It’s a small world in offbeat animal news

by Bethany M. Dunbar, May 21, 2010

This is the osprey Tanya Sousa rescued in Coventry. It only lived about a month. Photo courtesy of Tanya Sousa

The osprey died.  The moose wandering around in Barton was killed by a Fish and Wildlife warden because it seemed to have something wrong with it.

But there is some good news to report in Mutual of Barton’s Wild Kingdom (as Roland Lajoie of WLVB radio called it lately — thanks Roland).

Peter Lowry got his giant tortoise back.  And Pete the moose is going to get a pardon of sorts.

More on Pete the Moose later.

As for the tortoise, it turns out the person who had taken it had left it with someone else, and that person saw all the news stories and realized the creature was stolen.  She called Peter, and as a result the tortoise is home, safe and sound.

That’s a happy ending.

Not so for the moose wandering around in Barton Village.  I saw it (photos are posted elsewhere on this blog) trying to get into Dan McMaster’s garage and walk onto the front porch of his house.  So I knew the moose, which seemed to be a young female, was not thinking straight.  Still it did not look skinny, its fur was shiny and thick, it did not look sick.  When it did not go back to the woods for a number of days, a Fish and Wildlife warden decided, based on his experience, it was not healthy and shot it.  No tests were done.  It doesn’t seem right.

The other animal story I have written lately ended sadly as well.  Tanya Sousa rescued a stranded osprey that had been shot by some yahoo near her home in Coventry.

The bird lived for about a month after that, thanks to her action and the efforts of a rehabilitator named Craig Newman whose nonprofit organization took the bird in and tried to rehabilitate it.

His best efforts failed, and the bird died.

Tanya is trying to make something good out of something really sad right now.  She’s working on fund-raising to help Mr.
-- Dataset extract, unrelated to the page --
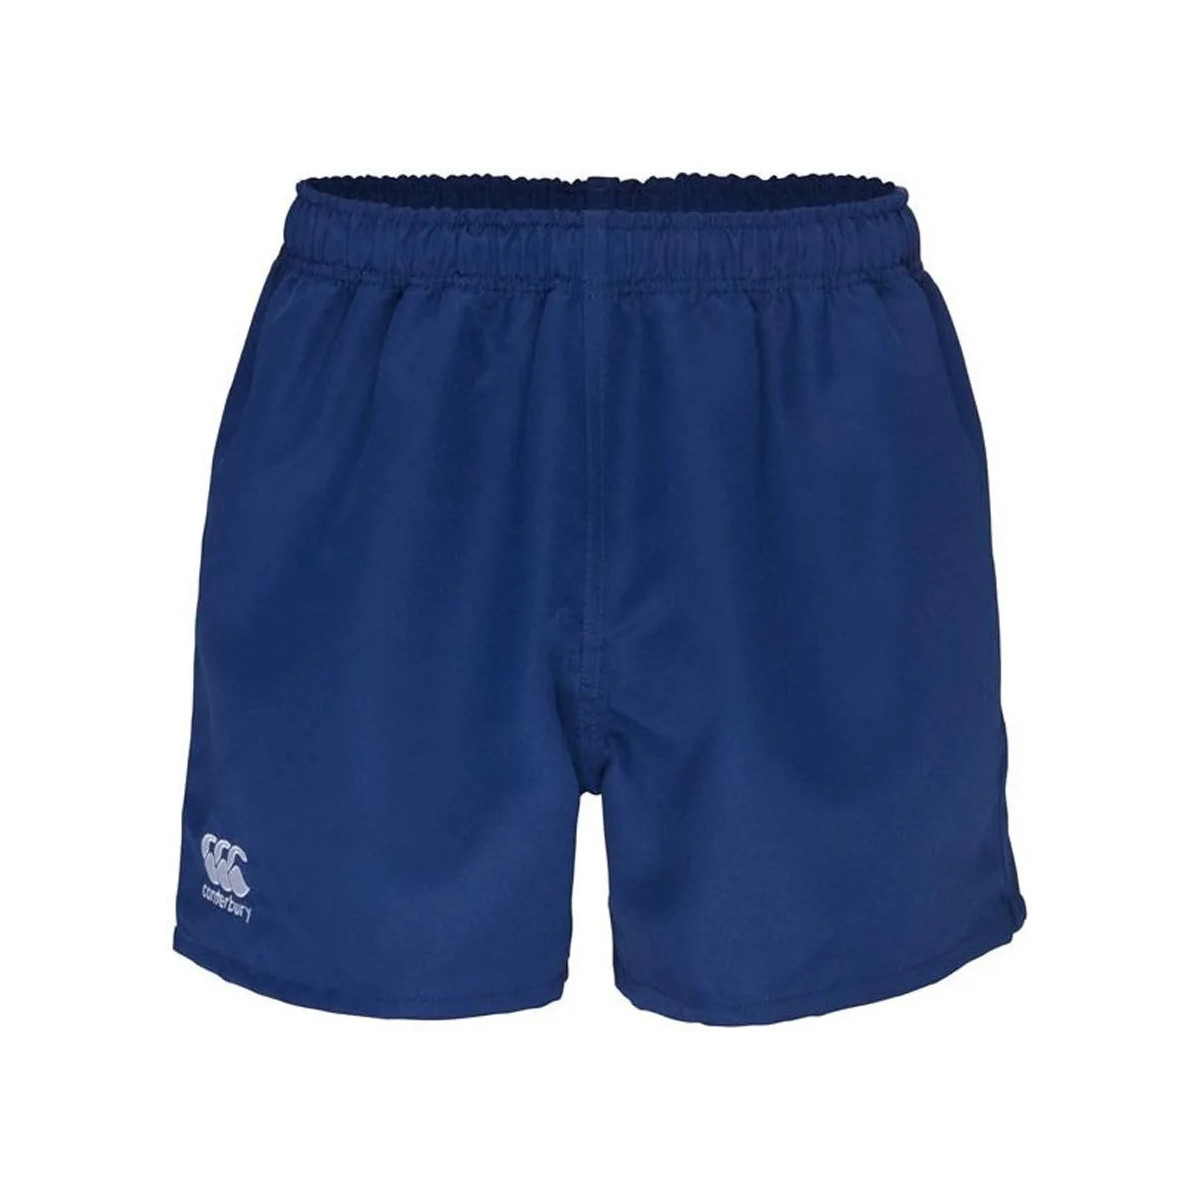 Vêtements Garçon Shorts / Bermudas Canterbury E723447 Bleu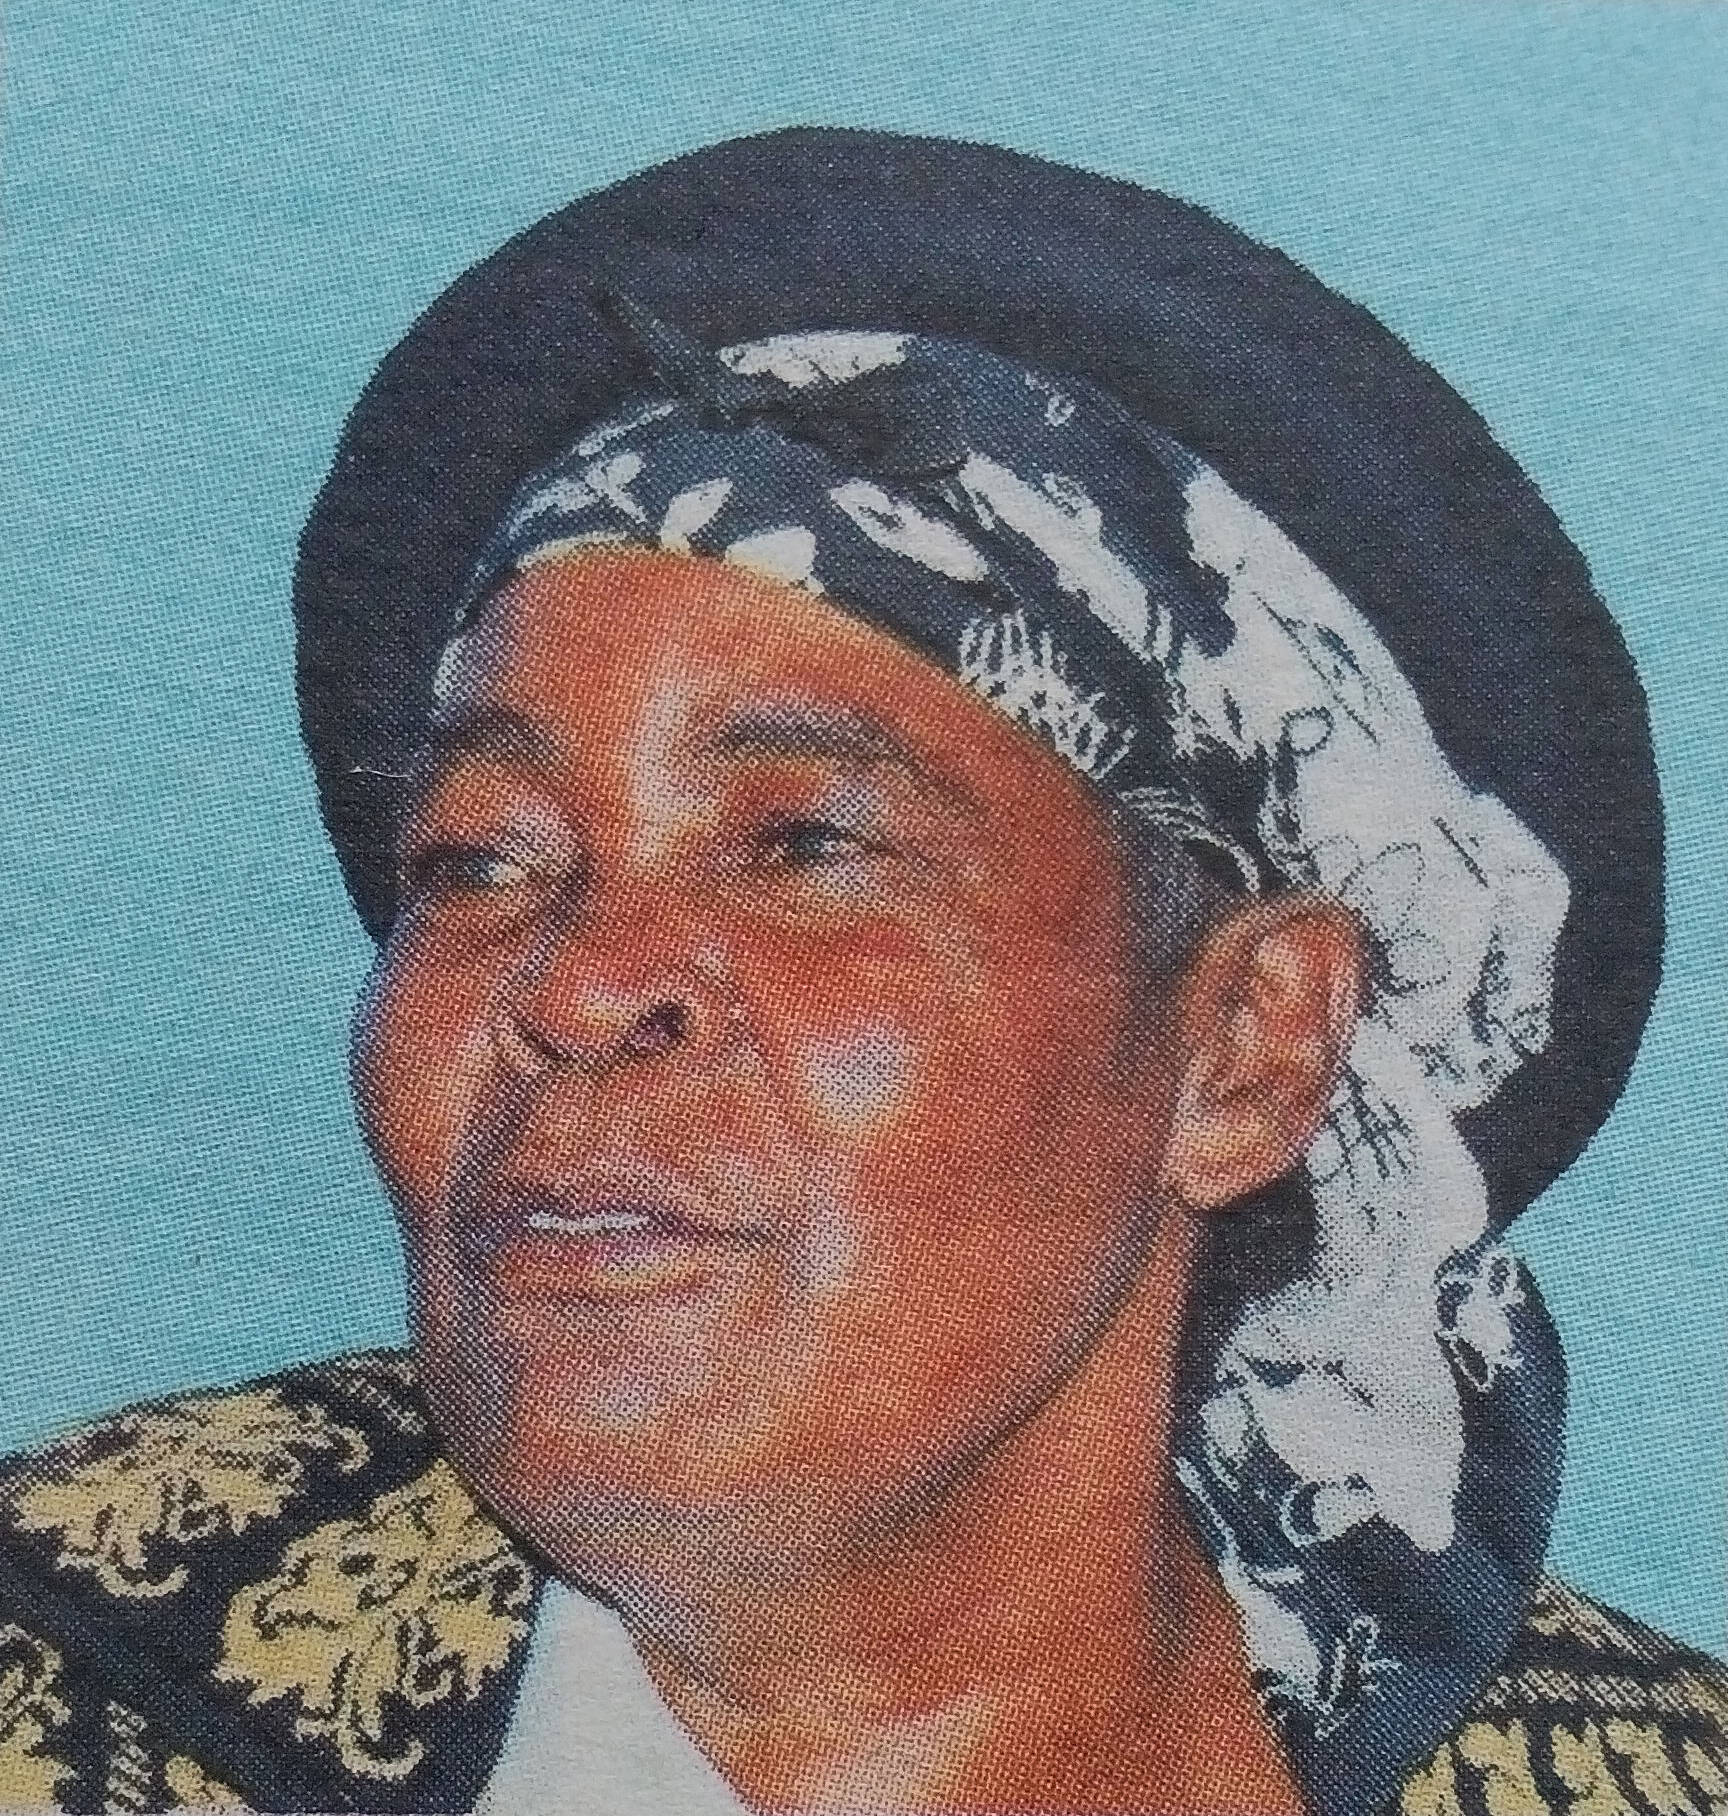 Obituary Image of Mwalimu Petronilla Njoki Gakure Born: 1936 - Died: 24th April 2017

Newman’s organization continue to do its good work rehabilitating birds when possible and releasing them back to the wild.  The organization, called Outreach for Earth Stewardship, cares for 13 birds at Shelburne Farms, including an American kestrel and owls.  Birds that can’t be released are kept for educational purposes, in hopes kids who see them close-up will grow up to be people who won’t shoot them.

I am very much a supporter of hunting, but good hunters don’t use a magnificent creature like an osprey for target practice.  Good hunters don’t shoot a bird like that by accident, either, because good hunters know what they are shooting at — always.  It is a federal crime to shoot an osprey, and if anyone knows who did it, they should report that person.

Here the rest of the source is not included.